**WHAT TO PRODUCE:**
The data below should be transcribed in full, with no picture included.

**GIVEN DATA:**
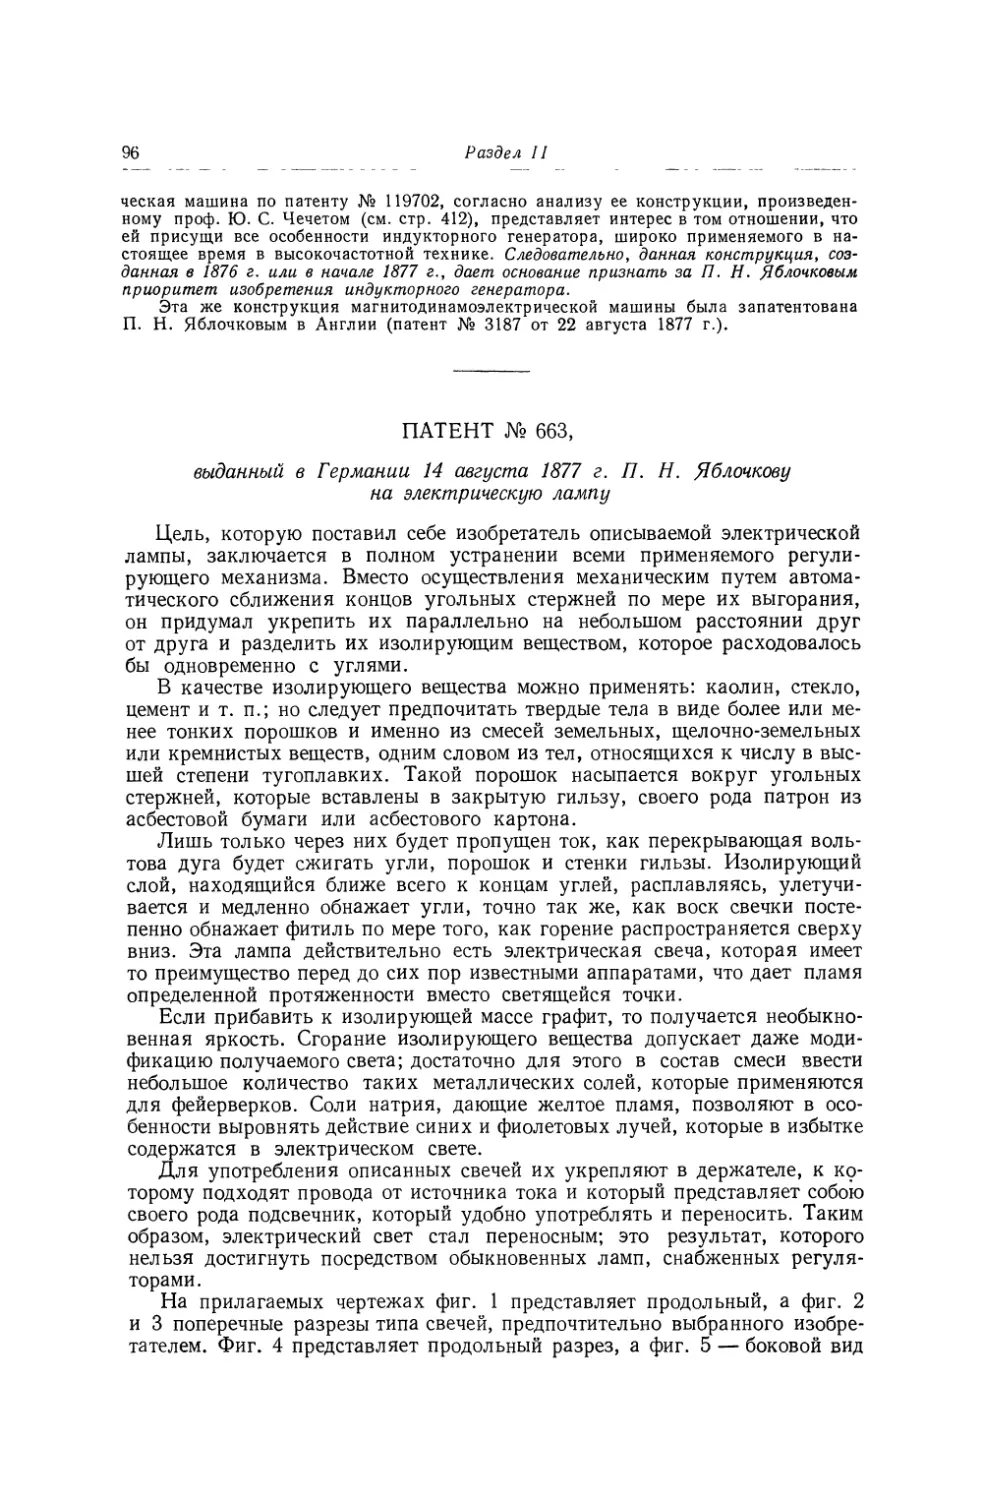 Патент № 663, выданный в Германии 14 августа 1877 г. П. Н. Яблочкову на электрическую лампу
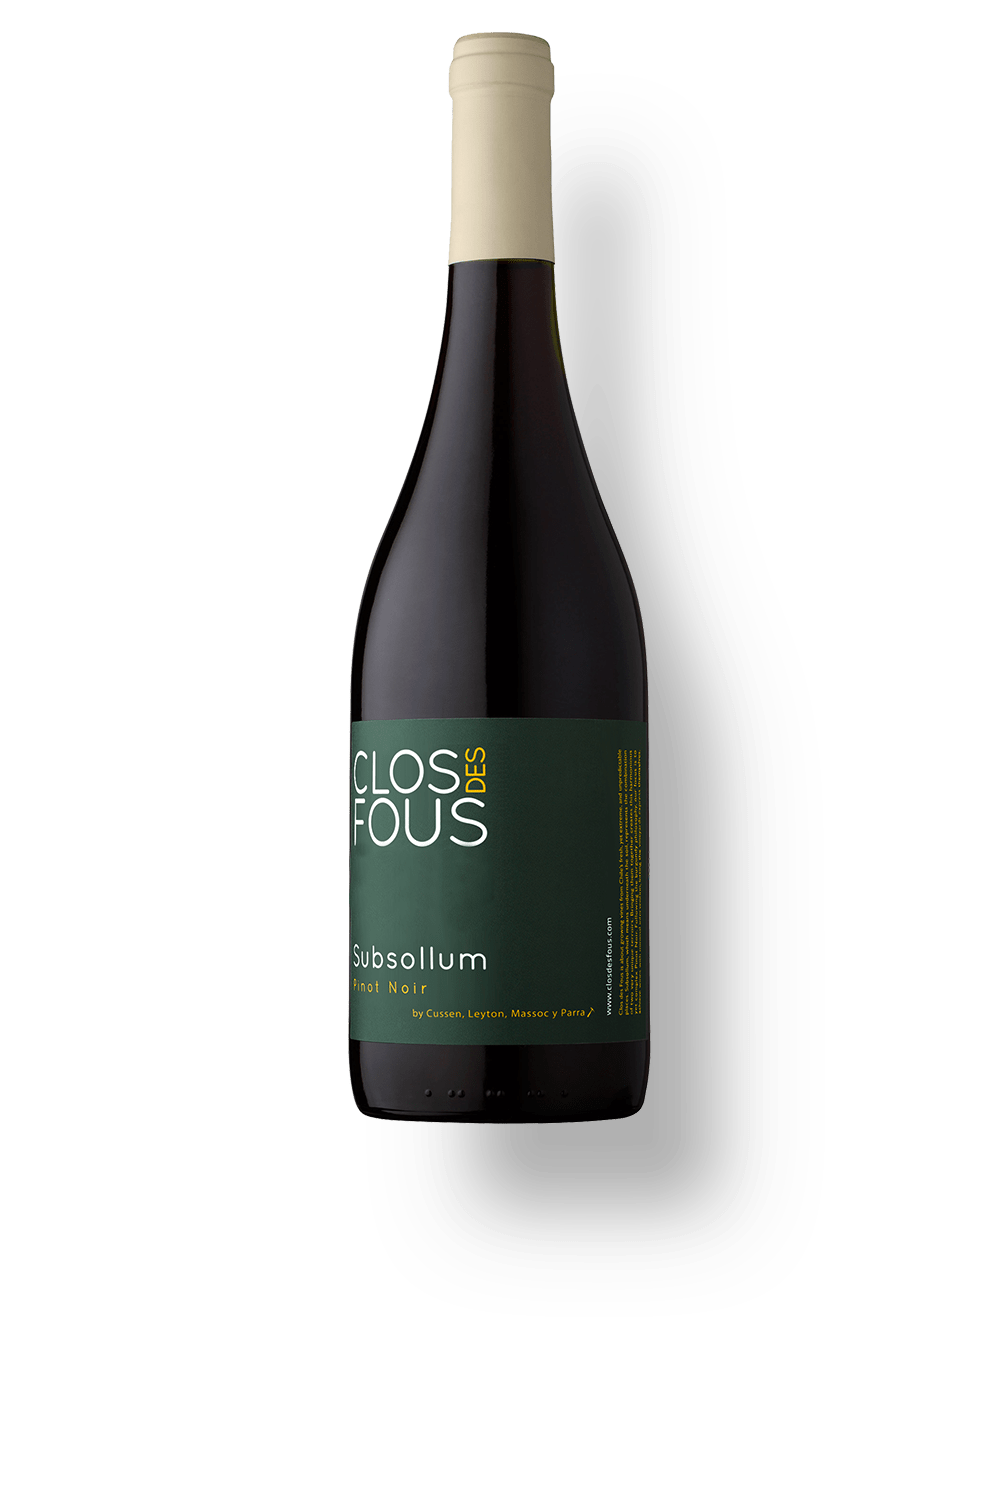 Clos-Des-Fous-Subsollum-Pinot-Noir
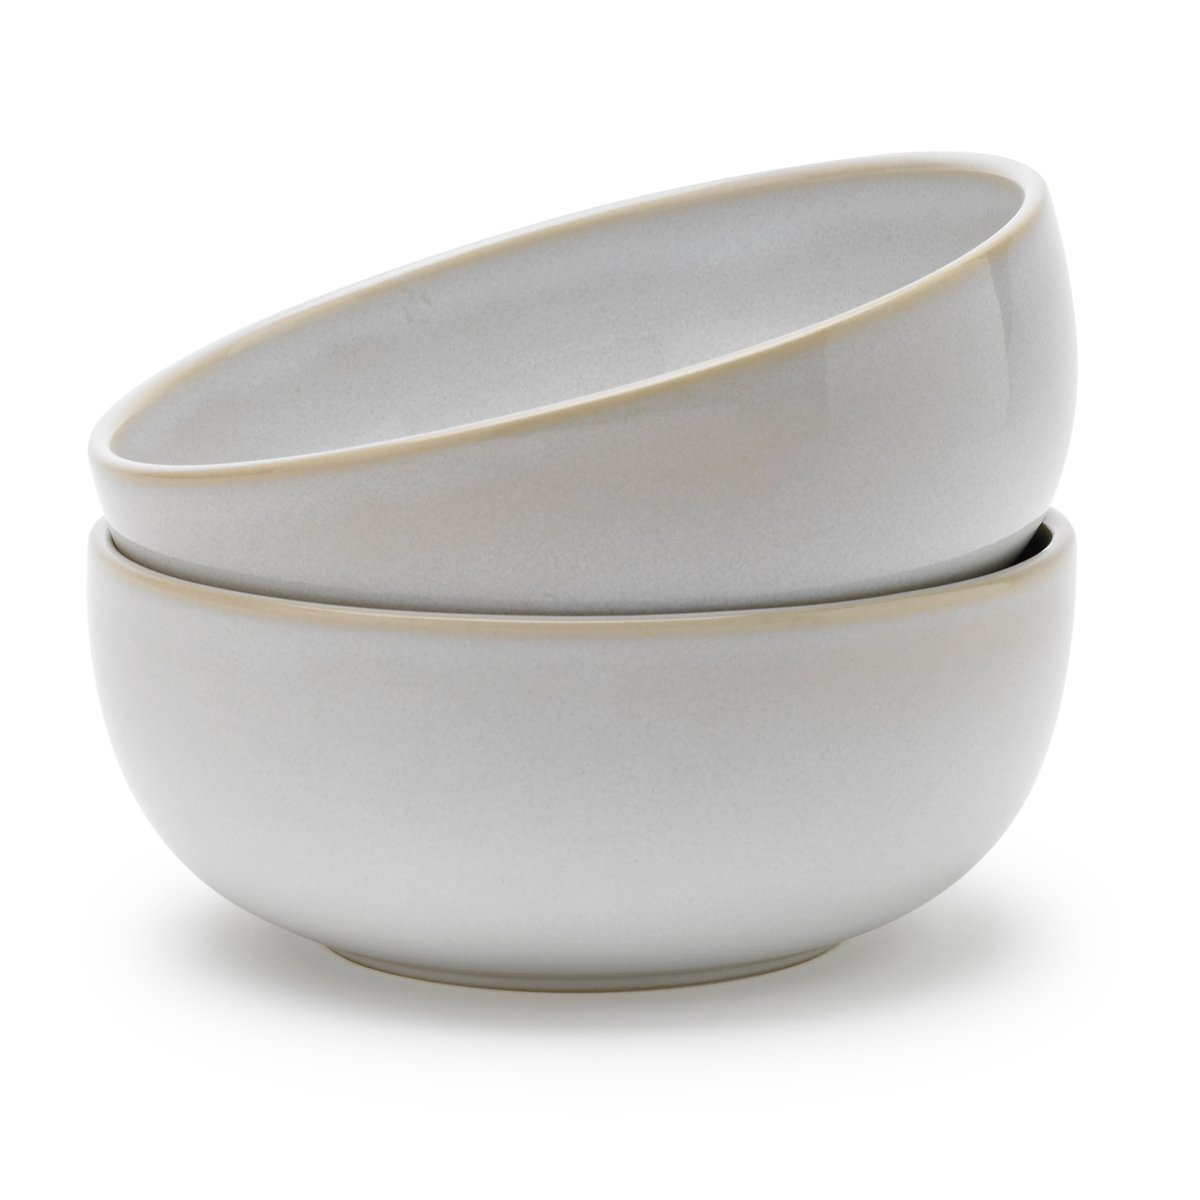 Knabstrup Keramik Tavola dyb tallerken Ø15 cm 2-pak Hvid

**EXERCISE RESULT:**
 Патент № 663, выданный в Германии 14 августа 1877 г. П. Н. Яблочкову на электрическую лампу
 Clos-Des-Fous-Subsollum-Pinot-Noir
 Knabstrup Keramik Tavola dyb tallerken Ø15 cm 2-pak Hvid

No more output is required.